Being the source of essential minerals, vitamin, and diversity to diet, the demand for consumption of fruits is ever increasing. Among them, many fruits are reach in phenolic compounds, carotenoids, and vitamin C or ascorbic acid, which have huge antioxidant potential and whose intakes are highly encouraged due to their role in reducing cancer, cardiovascular, and neurological diseases [1]. Since the availability of fruits varies from place to place and season to season, consumption of their preserved version has been practiced. One of the best ways to preserve fruit is to store it in juice form. But long term preservation has been a growing concern since the nutritious quality and sensory attributes can be impaired by microorganisms, spoilage enzymes, and undesirable chemical reactions [2]. Moreover, the increasing consciousness about diet and health issues goaded consumer into searching for food products which is of superior nutritional and sensory quality, durable shelf life, and requires minimal processing [3]. To address these issues several treatment methods have been applied among which thermal pasteurization is frequently pronounced. Although thermal processing appear to have extended the shelf life of several juices, it has been demonstrated in several studies that considerable deterioration in sensory, nutritional, and biochemical compounds occur which are very heat sensitive [4,5]. In response to this limitation, researchers have come up with Pulsed Electric Field (PEF) as a non-thermal treatment process which has been proved to decrease microbes and spoilage enzymes to an extent, comparable to that by thermal processes, without sacrificing flavor, color and bioactive compounds [6].

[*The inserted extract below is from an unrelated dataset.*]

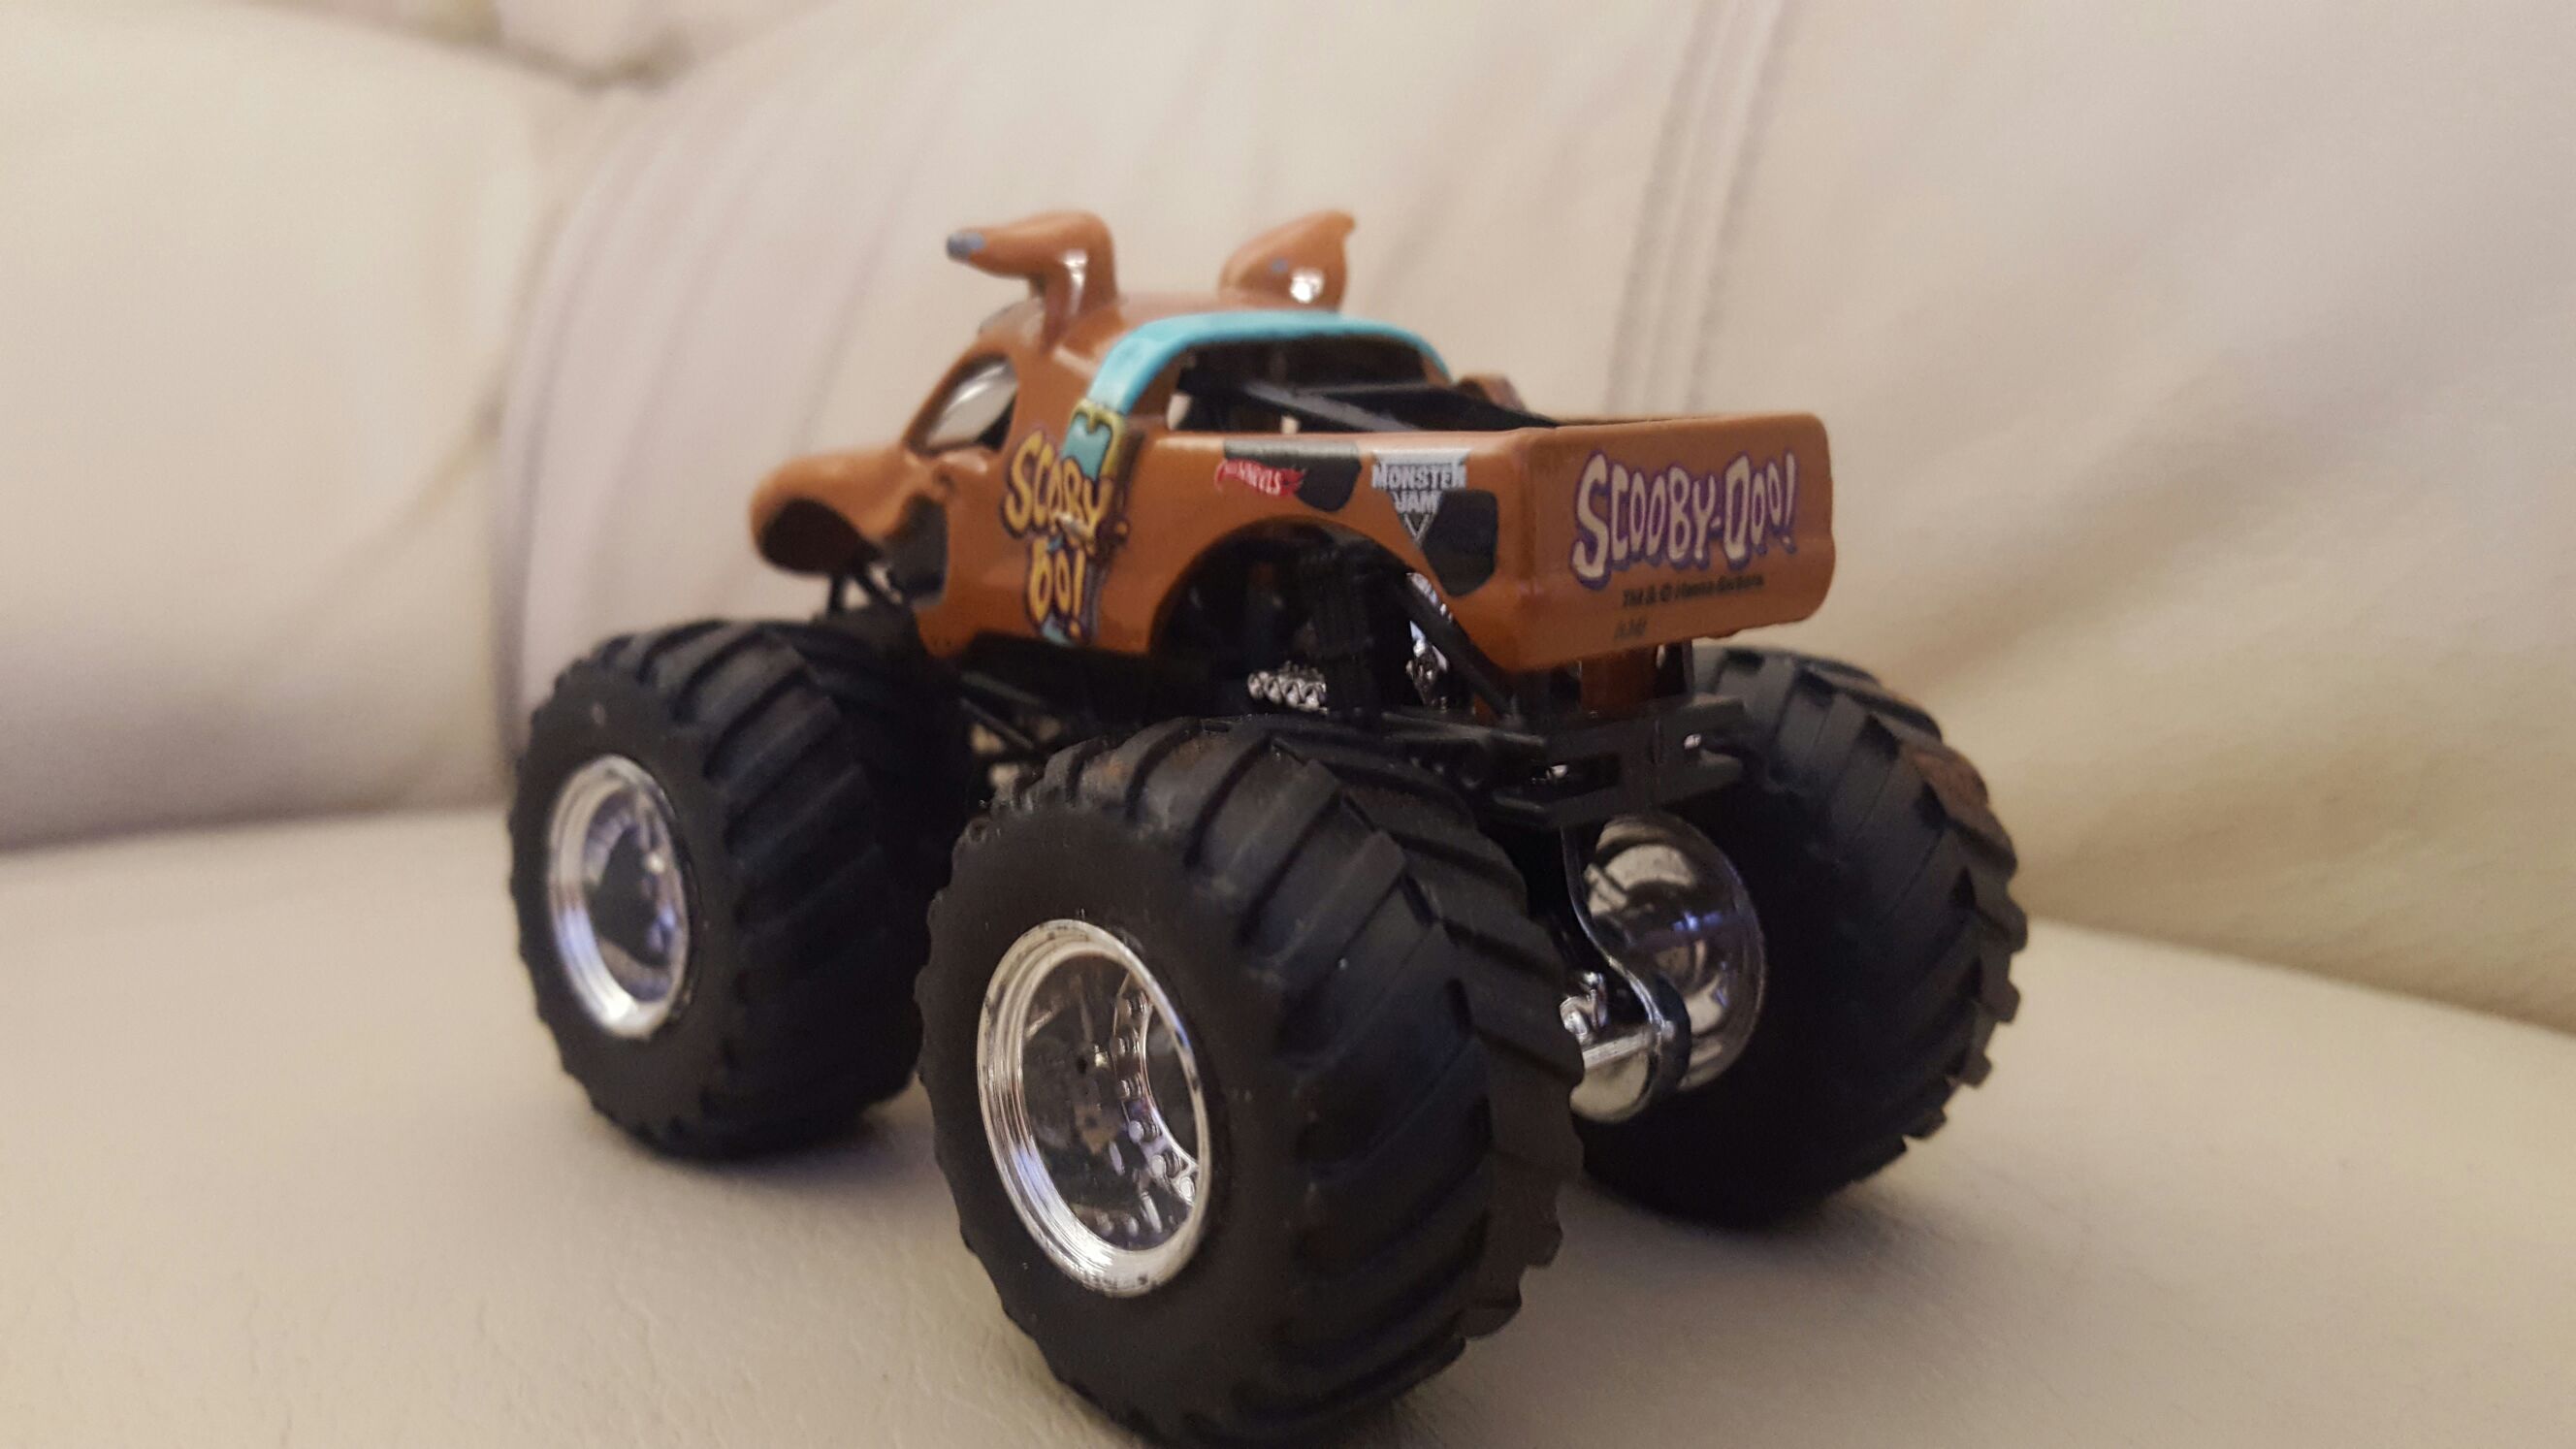 monster jam Scooby- Doo - 2016 Monster Jam toy car collectible - Main Image 2

PEF process involves the application of short burst of electric field to a sample placed between two electrodes which causes permeabilization-may be reversible or irreversible depending on process parameters-of membrane [7]. The most commonly accepted theory behind cell permeabilization is that under the exposure of external electric field, free charges accumulate on both side of the membrane resulting a transmembrane potential and when the induced membrane potential exceeds a critical field strength, membrane disruption or destruction occurs [8]. The efficiency of this process was found to be strongly dependent on field intensity, pulse duration, treatment time, type of microbial stain, and properties of the sample under investigation [9]. Though Sale and Hamilton first experimented the lethal effect of PEF on microbes in 1967 [10], the applicability of PEF in food processing is a recent concept. Various researchers have been proved successful in applying PEF process in preserving several food products, such as milk [11], sugarcane juice [10], strawberry juice [12], orange juice [13], apple juice [5], grape juice [14] etc.

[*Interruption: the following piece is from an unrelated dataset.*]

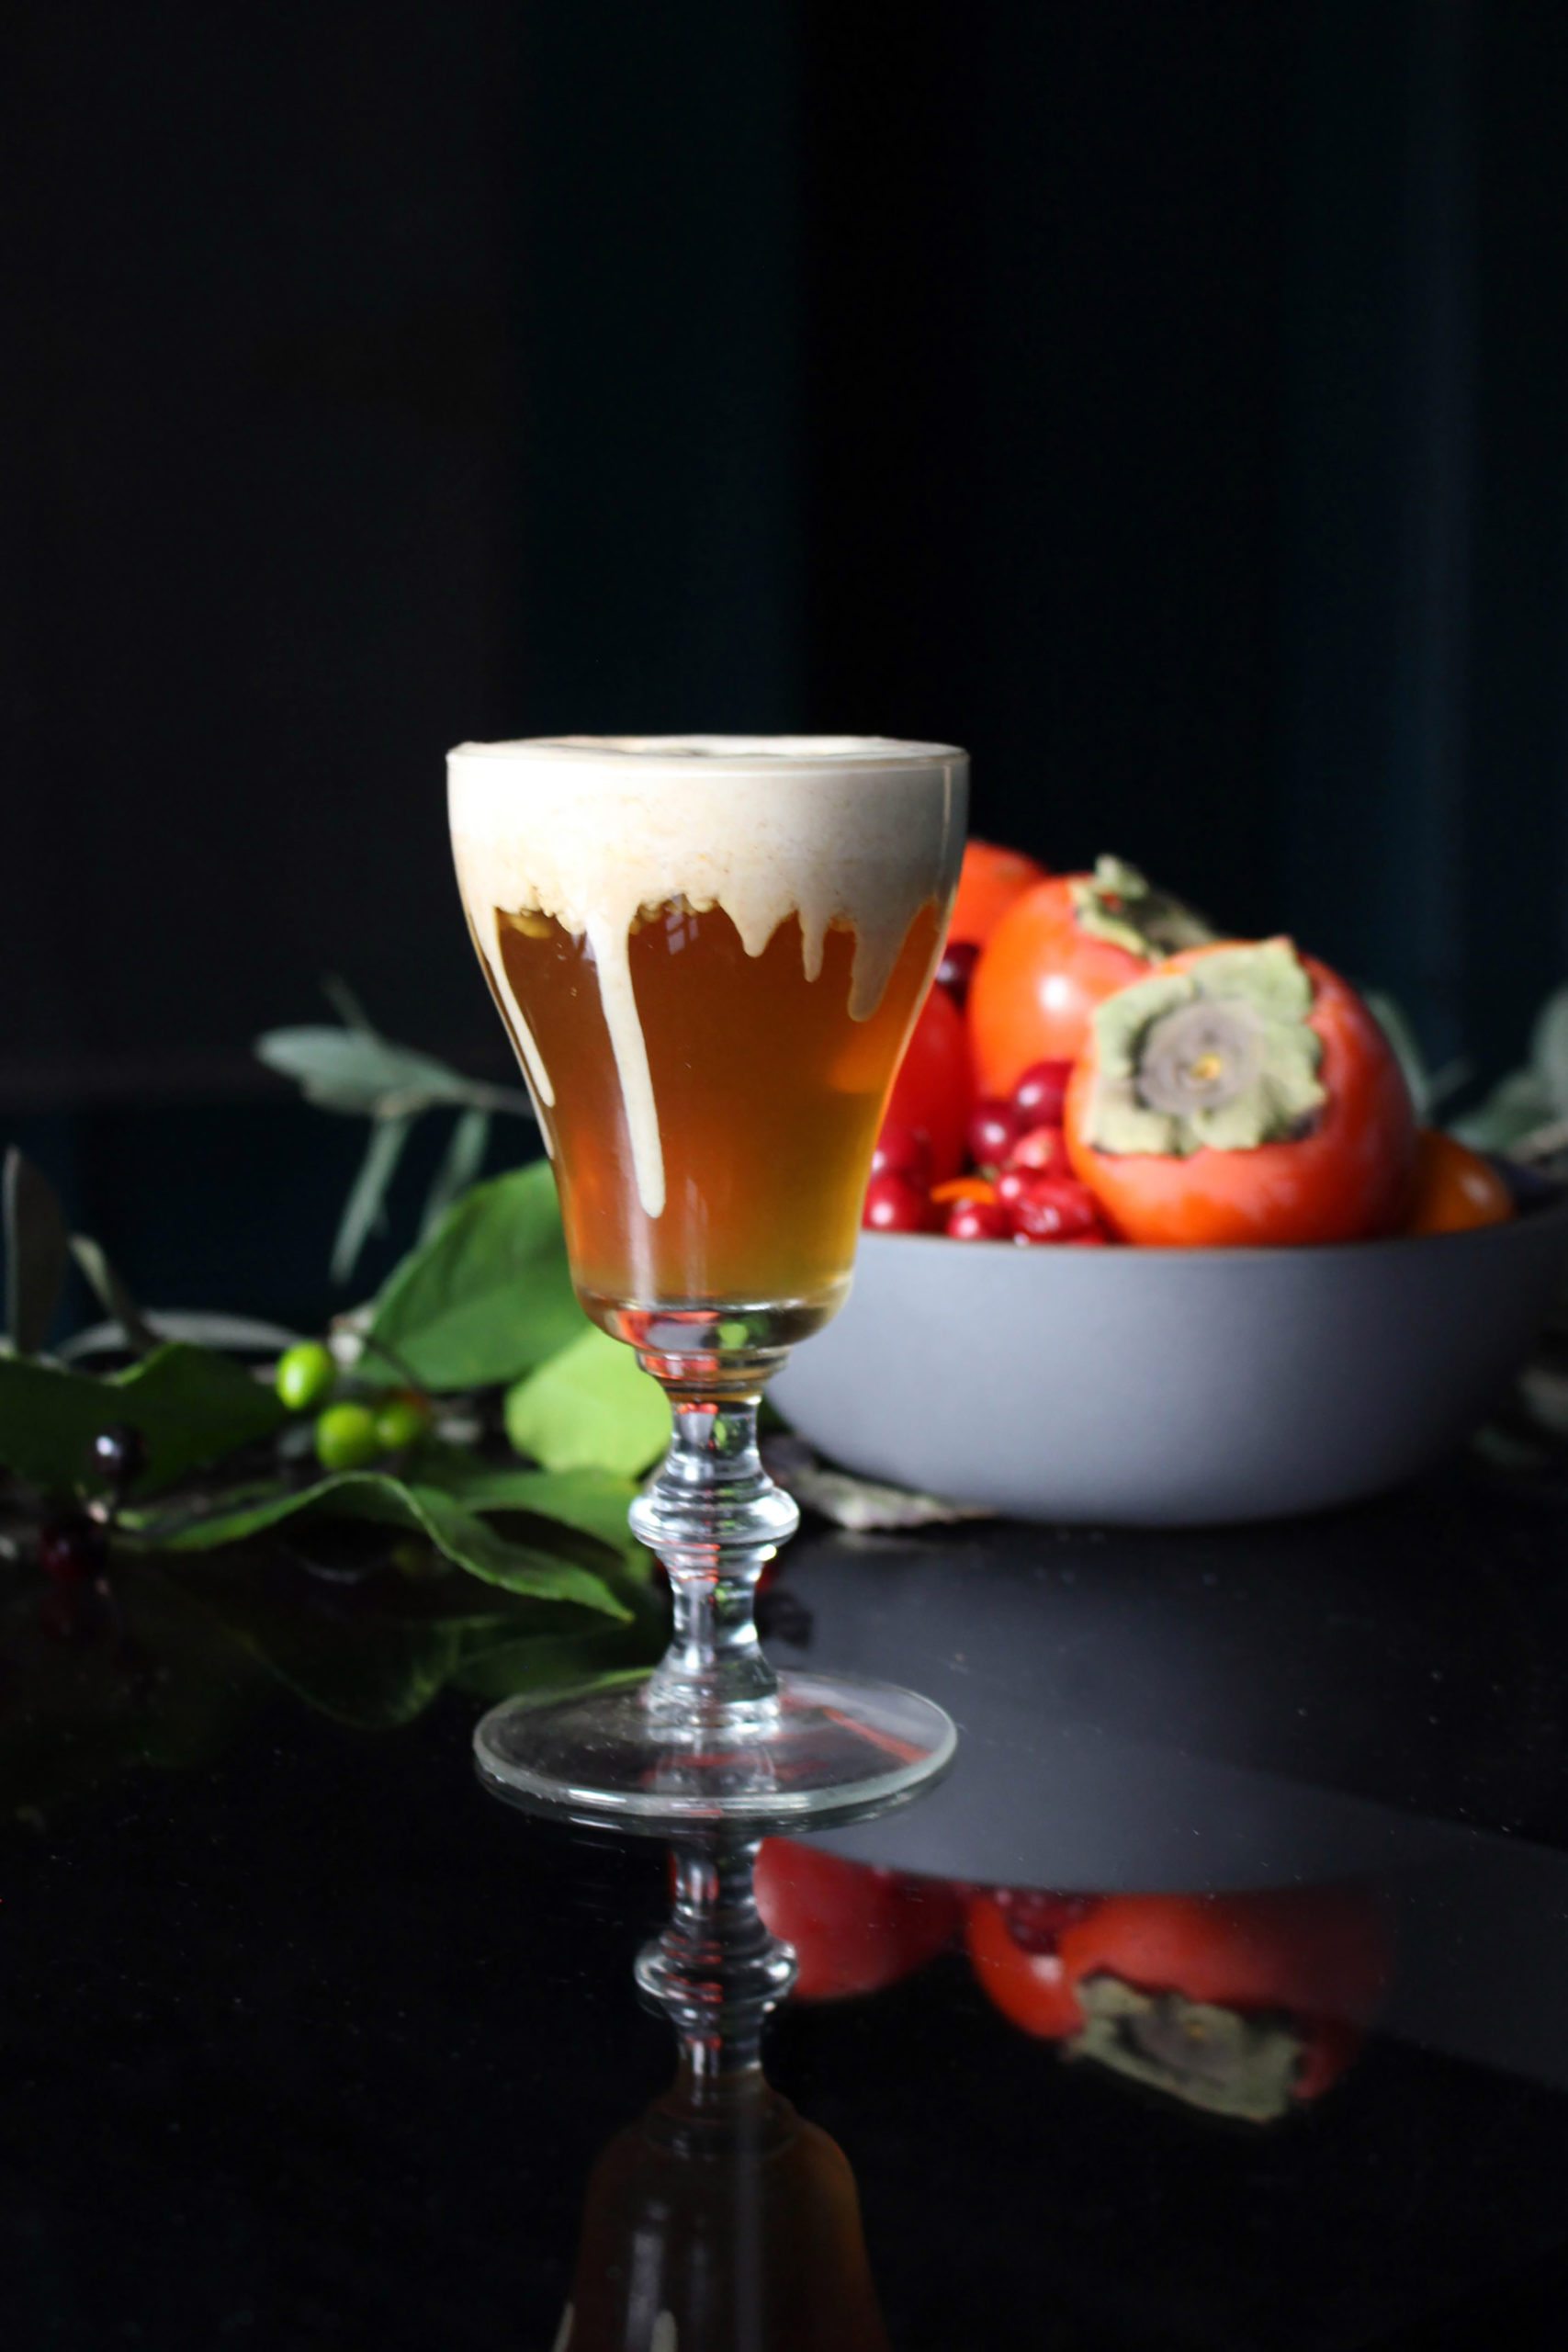 foam dripping down cocktail dramatically with persimmon in background

Pineapple (Ananas comosus) is a popular tropical fruit, mainly consumed as juice, has a growing demand all over the world due to its very pleasant aroma and flavor [15]. Several phytochemicals, such as phenolic compounds, ascorbic acid, and carotenoid are regarded as beneficial nutrients in pineapple juice [16]. The world-wide total pineapple production is estimated between 16 to 19 million tons [17]. In Bangladesh, according to Bangladesh Bureau of Statistics (BSS), the pineapple production was 218.6 thousand metric ton during the fiscal year 2010-11. So to make this huge production marketable without altering bioactive content and anti-oxidant capacity, a facile processing of pineapple juice is necessary. Typically, thermal processing has been in practice, but the aforementioned limitations of this process welcome PEF as a viable alternative to treat pineapple juice for providing stable shelf-life. Though PEF has been successfully applied in treating different juices, surprisingly a few or no study has been conducted on PEF treatment of pineapple juice.

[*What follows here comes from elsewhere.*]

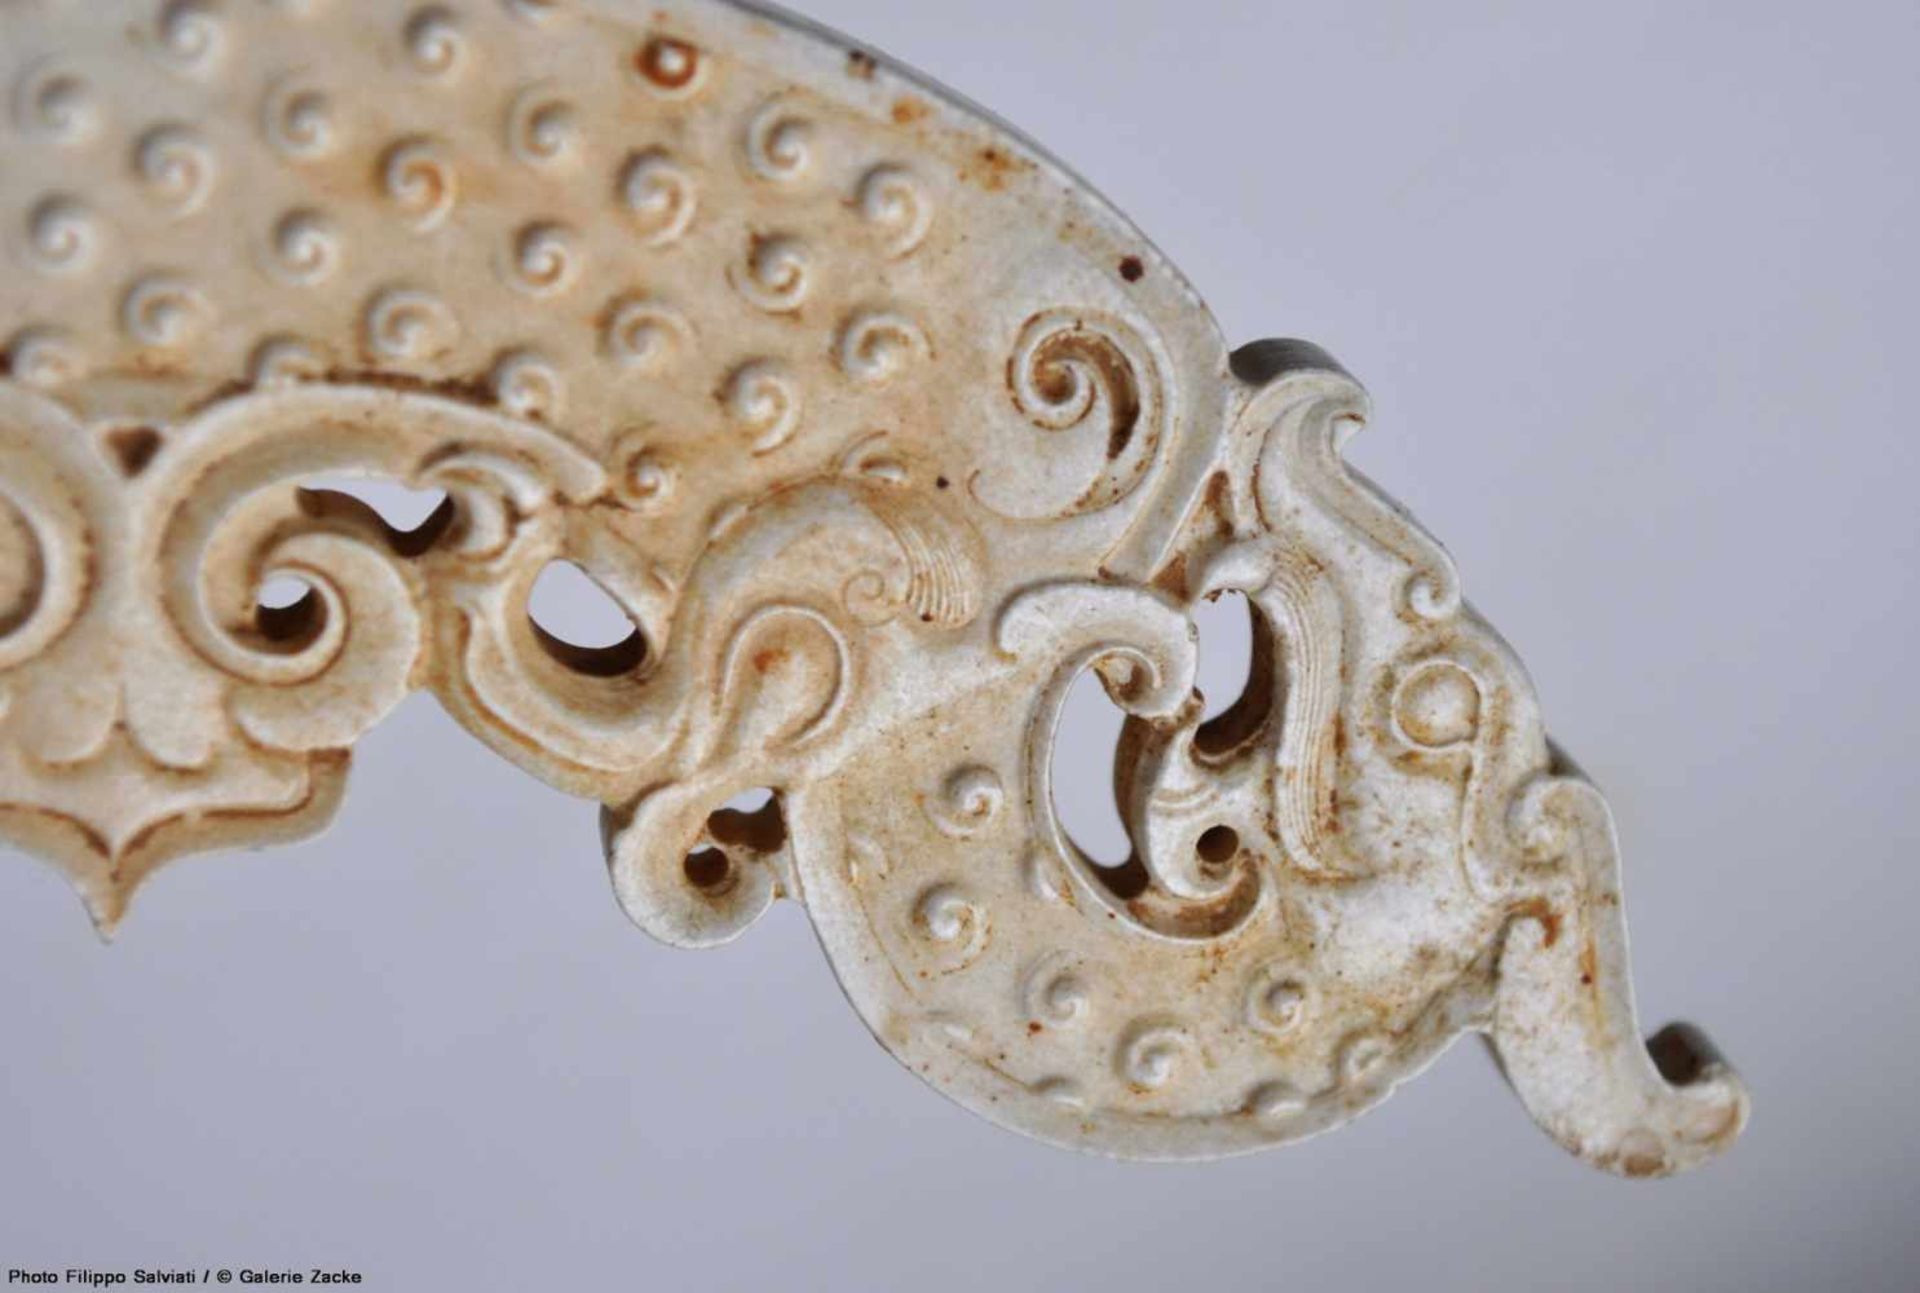 A REMARKABLE HUANG WITH FINELY DETAILED SINUOUS DRAGONS IN IVORY-LIKE JADE Jade. China, Eastern - Image 8 of 10

Therefore, this present study was directed to investigate the effects of PEF processing on inactivation of endogenous microorganisms in pineapple juice as well as on different bioactive compounds, such as total phenolic, flavonoid content, ascorbic acid, β-carotene, and their role in anti-oxidant capacity of the juice. The change of these experimental parameters before and after treatment over storage of 10 days had also been compared. To conduct these studies a laboratory scale PEF device was built.

Materials and methods

Preparation of juice

Fresh pineapples were purchased from a local retail grocery store-Agora (Sylhet branch, Bangladesh). The as-received pineapples were washed with tap water, peeled off and sliced into small pieces (3-5 mm), and then again washed with distilled water. After that, these washed pineapple slices went through a domestic juice extractor (Miyako BL-302) to obtain fresh juice. The prepared juice was then filtered using a cotton filter cloth and the filtrate (clear juice) was then centrifuged (Model-316, Gyrozen, Korea) at 3000 rpm for 15 min to discard the remaining pulp and any solid particles. The supernatant was, after that, put in several sterilized (at 121 0C for 30 min) 250 ml polypropylene bottles. These bottles were stored at -20 0C until treatment when they were left to thaw at ambient temperature.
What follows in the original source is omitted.